Any suggestions would be much appreciated. The recipe calls for 2 cups of read wine.

Thanks,
Olga
msolga
 
  1  
Reply Fri 27 Nov, 2009 11:12 pm
@msolga,
Oh I forgot to say: any number of different flavourings, herbs & spices on hand, plus fresh herbs from the garden.
0 Replies
 
CalamityJane
 
  1  
Reply Fri 27 Nov, 2009 11:19 pm
Broth would help, but red grape juice would work too, cranberry juice also,
red wine vinegar.
msolga
 
  1  
Reply Fri 27 Nov, 2009 11:31 pm
@CalamityJane,
Surprised Jane!

One cook still wake awake!

Thanks for responding. Very Happy

OK. I have red wine vinegar, verjuice, Balsamic vinegar, etc, etc, etc ...

So, as a substitute for 2 cups of red wine (marinade for 1 kilo of cubed beef) ...?

I'm wondering whether to throw in some fresh herbs, as well? A bay leaf or so, or ..? It's a fairly basic recipe, with bacon, mushrooms & other goodies. I was going to cook it tonight, till I realized about the marinading part. (Not to worry ... a sauce from the freezer will do me fine & give me extra time to keep working.)

msolga
 
  1  
Reply Sat 28 Nov, 2009 01:05 am
@msolga,
All under control.

We'll see what the result is later ... the "proof of the pudding" & all that! Smile

Sleep soundly, you poor, tired A2K cooks in the US. You must feel as stuffed after all that activity as your poor old turkeys actually were, yesterday!

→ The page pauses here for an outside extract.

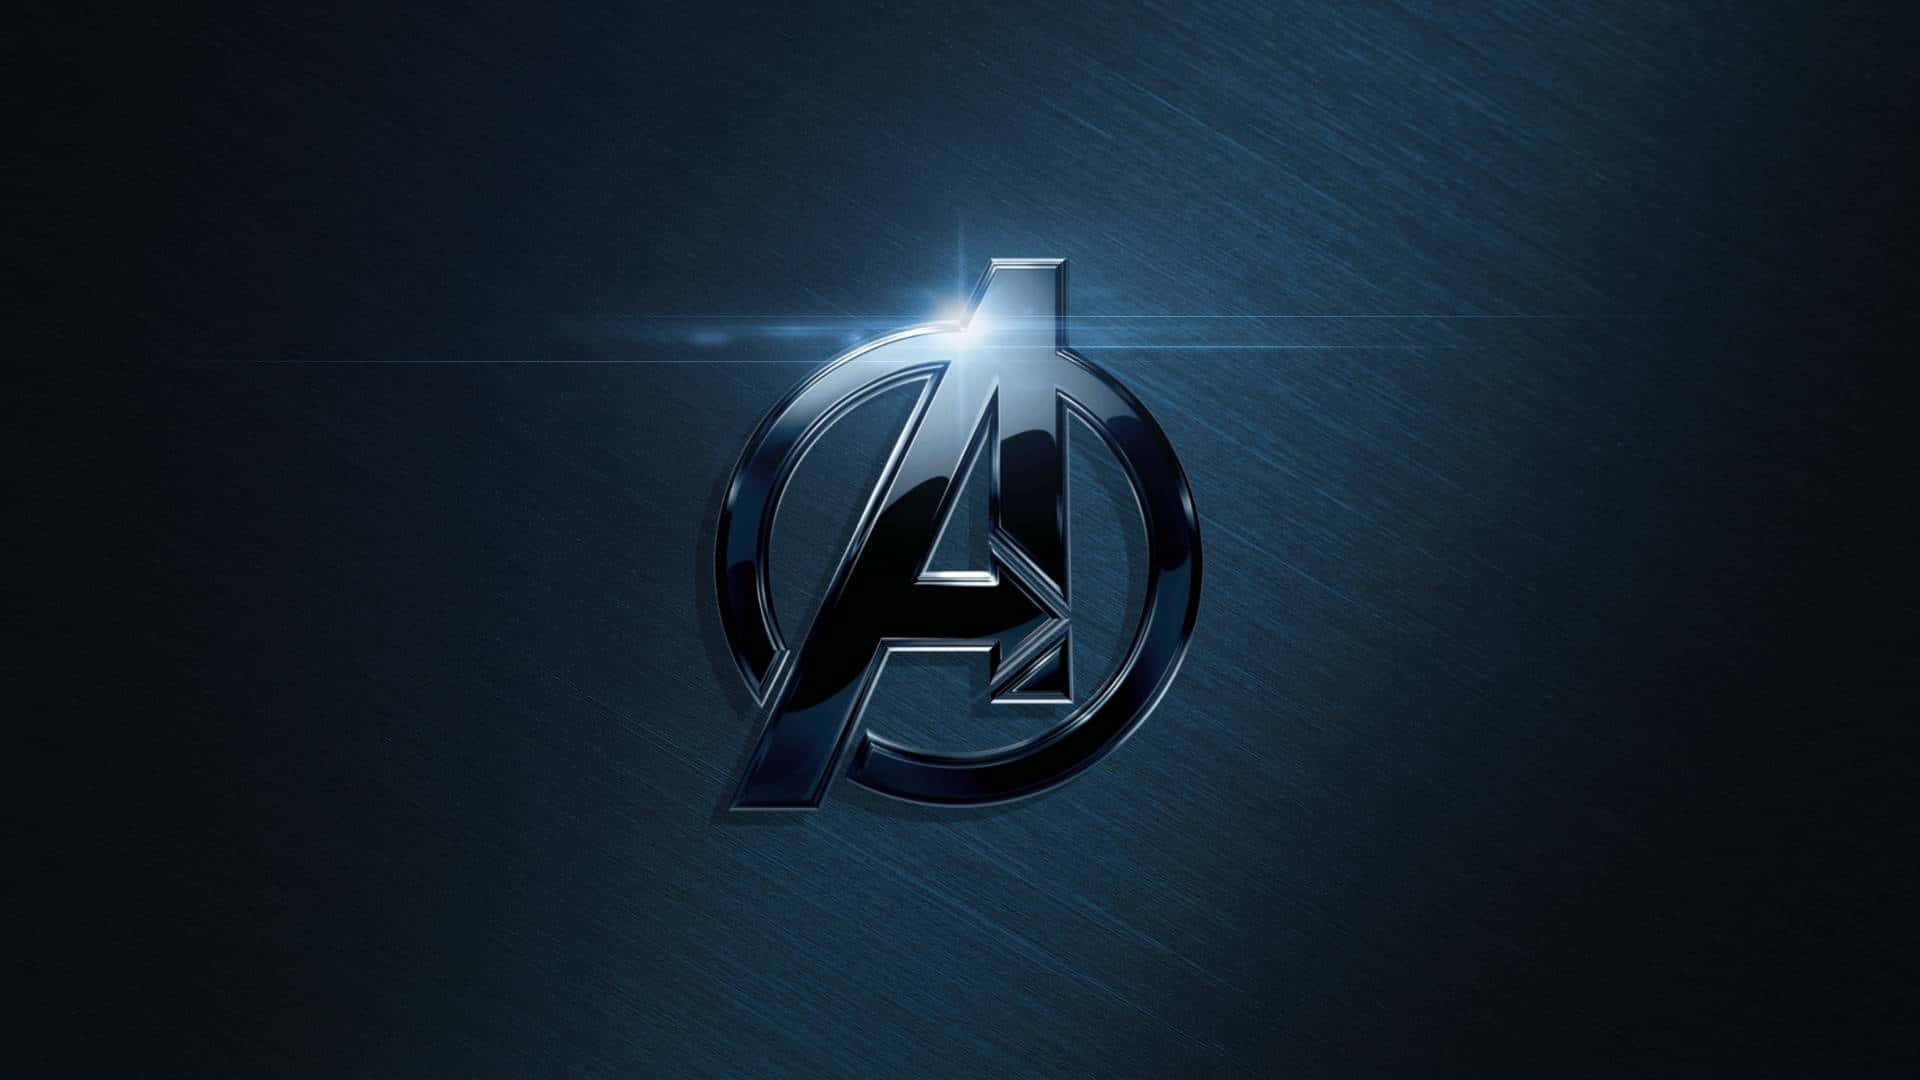 Dark Avengers Assemble in Stunning HD Wallpaper Wallpaper

Wink
CalamityJane
 
  1  
Reply Sat 28 Nov, 2009 09:58 am
@msolga,
How did it turn out, MsOlga? I am certain it tasted fantastic - anytime you
include bacon, bay leaves and other herbs and spices, there won't be a problem,
in addition: you're an excellent cook yourself!
msolga
 
  1  
Reply Sat 28 Nov, 2009 06:19 pm
@CalamityJane,
I'll be able to tell you tonight/tomorrow, Jane. A 24 hour rest in the fridge was recommended.
(Could you say that again, please? That bit about being an excellent cook? Wink )
CalamityJane
 
  2  
Reply Sun 29 Nov, 2009 10:03 am
@msolga,
Of course you are, MsOlga! Just one look at the food threads you've opened
and the meals you've described tell the story of an excellent cook.